((

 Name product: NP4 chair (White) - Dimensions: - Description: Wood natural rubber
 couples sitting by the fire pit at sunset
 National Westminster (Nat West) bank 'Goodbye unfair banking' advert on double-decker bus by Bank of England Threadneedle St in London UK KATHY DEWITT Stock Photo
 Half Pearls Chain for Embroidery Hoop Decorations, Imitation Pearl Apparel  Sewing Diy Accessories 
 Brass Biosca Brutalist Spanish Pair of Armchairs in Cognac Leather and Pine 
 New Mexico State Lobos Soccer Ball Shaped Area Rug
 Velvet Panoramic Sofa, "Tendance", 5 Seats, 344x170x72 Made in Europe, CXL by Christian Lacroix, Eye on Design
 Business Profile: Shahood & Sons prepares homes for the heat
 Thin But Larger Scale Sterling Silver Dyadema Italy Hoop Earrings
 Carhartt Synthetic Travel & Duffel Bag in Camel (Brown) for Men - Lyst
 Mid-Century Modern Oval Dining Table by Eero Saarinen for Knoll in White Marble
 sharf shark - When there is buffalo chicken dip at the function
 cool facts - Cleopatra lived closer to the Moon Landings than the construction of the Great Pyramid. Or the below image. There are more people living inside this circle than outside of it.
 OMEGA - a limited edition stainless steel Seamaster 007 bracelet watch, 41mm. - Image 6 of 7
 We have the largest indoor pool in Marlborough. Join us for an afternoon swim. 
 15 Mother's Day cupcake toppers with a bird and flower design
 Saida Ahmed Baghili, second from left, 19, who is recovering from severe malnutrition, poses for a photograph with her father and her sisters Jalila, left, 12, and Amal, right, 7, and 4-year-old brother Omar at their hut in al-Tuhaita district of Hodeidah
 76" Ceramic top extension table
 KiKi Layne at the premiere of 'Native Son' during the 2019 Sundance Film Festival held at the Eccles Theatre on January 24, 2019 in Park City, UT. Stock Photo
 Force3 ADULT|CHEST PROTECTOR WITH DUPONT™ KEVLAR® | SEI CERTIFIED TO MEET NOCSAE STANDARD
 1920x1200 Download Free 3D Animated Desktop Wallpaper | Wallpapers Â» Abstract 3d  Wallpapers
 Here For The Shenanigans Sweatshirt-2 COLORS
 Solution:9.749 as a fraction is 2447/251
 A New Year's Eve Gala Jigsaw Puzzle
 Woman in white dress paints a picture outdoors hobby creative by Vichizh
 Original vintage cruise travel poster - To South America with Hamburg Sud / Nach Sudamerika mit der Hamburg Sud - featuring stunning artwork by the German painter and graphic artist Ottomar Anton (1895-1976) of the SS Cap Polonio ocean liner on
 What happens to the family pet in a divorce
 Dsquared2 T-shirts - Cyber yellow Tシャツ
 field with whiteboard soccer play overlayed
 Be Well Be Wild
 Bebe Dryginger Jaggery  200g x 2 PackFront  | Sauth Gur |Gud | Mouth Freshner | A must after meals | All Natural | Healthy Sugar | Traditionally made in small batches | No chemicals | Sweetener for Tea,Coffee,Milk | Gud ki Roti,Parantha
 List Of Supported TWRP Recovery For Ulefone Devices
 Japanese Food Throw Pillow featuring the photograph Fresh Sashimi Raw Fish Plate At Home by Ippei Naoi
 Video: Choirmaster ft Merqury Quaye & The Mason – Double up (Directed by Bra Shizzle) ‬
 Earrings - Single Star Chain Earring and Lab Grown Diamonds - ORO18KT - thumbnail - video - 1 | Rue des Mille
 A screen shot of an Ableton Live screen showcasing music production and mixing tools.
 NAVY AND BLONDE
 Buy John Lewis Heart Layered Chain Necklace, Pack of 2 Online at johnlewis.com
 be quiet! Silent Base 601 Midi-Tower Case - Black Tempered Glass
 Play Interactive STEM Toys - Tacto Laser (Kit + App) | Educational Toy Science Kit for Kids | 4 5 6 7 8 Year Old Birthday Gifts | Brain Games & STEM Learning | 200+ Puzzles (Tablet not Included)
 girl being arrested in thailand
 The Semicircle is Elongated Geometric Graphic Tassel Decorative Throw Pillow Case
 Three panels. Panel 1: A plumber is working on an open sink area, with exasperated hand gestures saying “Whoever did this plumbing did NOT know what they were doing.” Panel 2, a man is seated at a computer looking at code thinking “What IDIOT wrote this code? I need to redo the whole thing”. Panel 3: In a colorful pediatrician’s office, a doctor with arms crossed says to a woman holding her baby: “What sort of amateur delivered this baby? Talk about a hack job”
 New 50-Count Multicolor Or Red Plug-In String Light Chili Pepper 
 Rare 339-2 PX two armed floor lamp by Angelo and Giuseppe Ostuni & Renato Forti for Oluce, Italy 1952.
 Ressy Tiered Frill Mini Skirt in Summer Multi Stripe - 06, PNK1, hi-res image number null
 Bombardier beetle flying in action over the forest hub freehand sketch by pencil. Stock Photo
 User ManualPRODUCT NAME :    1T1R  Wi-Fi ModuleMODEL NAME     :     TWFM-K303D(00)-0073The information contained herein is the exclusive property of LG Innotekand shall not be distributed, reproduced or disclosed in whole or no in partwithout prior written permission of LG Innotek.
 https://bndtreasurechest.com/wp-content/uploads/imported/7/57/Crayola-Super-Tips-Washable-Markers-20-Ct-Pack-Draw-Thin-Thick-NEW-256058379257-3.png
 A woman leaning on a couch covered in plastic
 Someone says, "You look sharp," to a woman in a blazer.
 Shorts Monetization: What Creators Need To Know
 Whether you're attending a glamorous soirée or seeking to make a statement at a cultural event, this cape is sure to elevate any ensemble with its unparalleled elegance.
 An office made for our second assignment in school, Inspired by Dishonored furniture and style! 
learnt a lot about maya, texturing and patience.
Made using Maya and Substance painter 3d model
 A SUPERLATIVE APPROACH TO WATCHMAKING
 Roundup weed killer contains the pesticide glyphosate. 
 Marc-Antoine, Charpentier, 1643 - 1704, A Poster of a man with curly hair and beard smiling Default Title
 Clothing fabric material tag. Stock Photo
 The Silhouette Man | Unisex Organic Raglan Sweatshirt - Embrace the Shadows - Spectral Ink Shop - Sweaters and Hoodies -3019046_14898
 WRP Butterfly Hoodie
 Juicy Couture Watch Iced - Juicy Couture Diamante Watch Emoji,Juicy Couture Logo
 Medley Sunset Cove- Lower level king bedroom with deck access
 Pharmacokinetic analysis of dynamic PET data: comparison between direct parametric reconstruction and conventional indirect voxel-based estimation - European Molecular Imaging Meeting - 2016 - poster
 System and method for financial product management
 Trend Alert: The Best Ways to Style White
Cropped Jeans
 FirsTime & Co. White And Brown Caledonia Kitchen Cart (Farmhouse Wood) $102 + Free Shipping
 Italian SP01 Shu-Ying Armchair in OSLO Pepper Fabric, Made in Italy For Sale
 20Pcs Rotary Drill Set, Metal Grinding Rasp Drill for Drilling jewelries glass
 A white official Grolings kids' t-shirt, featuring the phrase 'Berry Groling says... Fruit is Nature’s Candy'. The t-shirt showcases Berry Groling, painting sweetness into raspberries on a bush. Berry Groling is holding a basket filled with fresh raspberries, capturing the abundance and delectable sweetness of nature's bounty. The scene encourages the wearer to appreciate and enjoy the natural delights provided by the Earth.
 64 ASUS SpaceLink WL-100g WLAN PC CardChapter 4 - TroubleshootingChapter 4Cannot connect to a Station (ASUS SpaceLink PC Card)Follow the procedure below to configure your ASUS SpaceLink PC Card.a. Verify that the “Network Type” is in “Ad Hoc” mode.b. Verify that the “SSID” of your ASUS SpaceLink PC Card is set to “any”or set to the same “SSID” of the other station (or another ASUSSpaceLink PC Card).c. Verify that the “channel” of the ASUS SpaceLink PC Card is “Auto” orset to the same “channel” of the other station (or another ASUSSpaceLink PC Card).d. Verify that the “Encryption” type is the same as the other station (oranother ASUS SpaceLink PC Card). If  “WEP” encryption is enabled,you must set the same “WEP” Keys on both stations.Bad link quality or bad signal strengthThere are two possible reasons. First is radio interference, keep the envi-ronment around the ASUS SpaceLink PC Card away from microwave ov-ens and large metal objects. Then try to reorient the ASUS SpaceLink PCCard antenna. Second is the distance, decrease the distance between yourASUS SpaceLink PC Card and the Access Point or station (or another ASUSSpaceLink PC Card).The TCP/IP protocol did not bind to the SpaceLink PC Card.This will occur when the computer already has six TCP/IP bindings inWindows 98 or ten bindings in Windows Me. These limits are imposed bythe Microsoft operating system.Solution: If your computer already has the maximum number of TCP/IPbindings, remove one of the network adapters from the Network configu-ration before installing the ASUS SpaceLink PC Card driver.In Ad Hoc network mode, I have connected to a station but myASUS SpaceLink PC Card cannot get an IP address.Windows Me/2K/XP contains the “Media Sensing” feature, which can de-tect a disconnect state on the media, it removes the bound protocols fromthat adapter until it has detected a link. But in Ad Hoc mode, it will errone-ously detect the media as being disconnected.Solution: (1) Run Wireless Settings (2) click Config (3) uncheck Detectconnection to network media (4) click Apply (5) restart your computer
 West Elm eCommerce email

))

> What is required
Up to and including the line that contains "sharf shark - When", restate each line of the material above word for word, beginning with its first line.

> Response to this exercise
 Name product: NP4 chair (White) - Dimensions: - Description: Wood natural rubber
 couples sitting by the fire pit at sunset
 National Westminster (Nat West) bank 'Goodbye unfair banking' advert on double-decker bus by Bank of England Threadneedle St in London UK KATHY DEWITT Stock Photo
 Half Pearls Chain for Embroidery Hoop Decorations, Imitation Pearl Apparel  Sewing Diy Accessories 
 Brass Biosca Brutalist Spanish Pair of Armchairs in Cognac Leather and Pine 
 New Mexico State Lobos Soccer Ball Shaped Area Rug
 Velvet Panoramic Sofa, "Tendance", 5 Seats, 344x170x72 Made in Europe, CXL by Christian Lacroix, Eye on Design
 Business Profile: Shahood & Sons prepares homes for the heat
 Thin But Larger Scale Sterling Silver Dyadema Italy Hoop Earrings
 Carhartt Synthetic Travel & Duffel Bag in Camel (Brown) for Men - Lyst
 Mid-Century Modern Oval Dining Table by Eero Saarinen for Knoll in White Marble
 sharf shark - When there is buffalo chicken dip at the function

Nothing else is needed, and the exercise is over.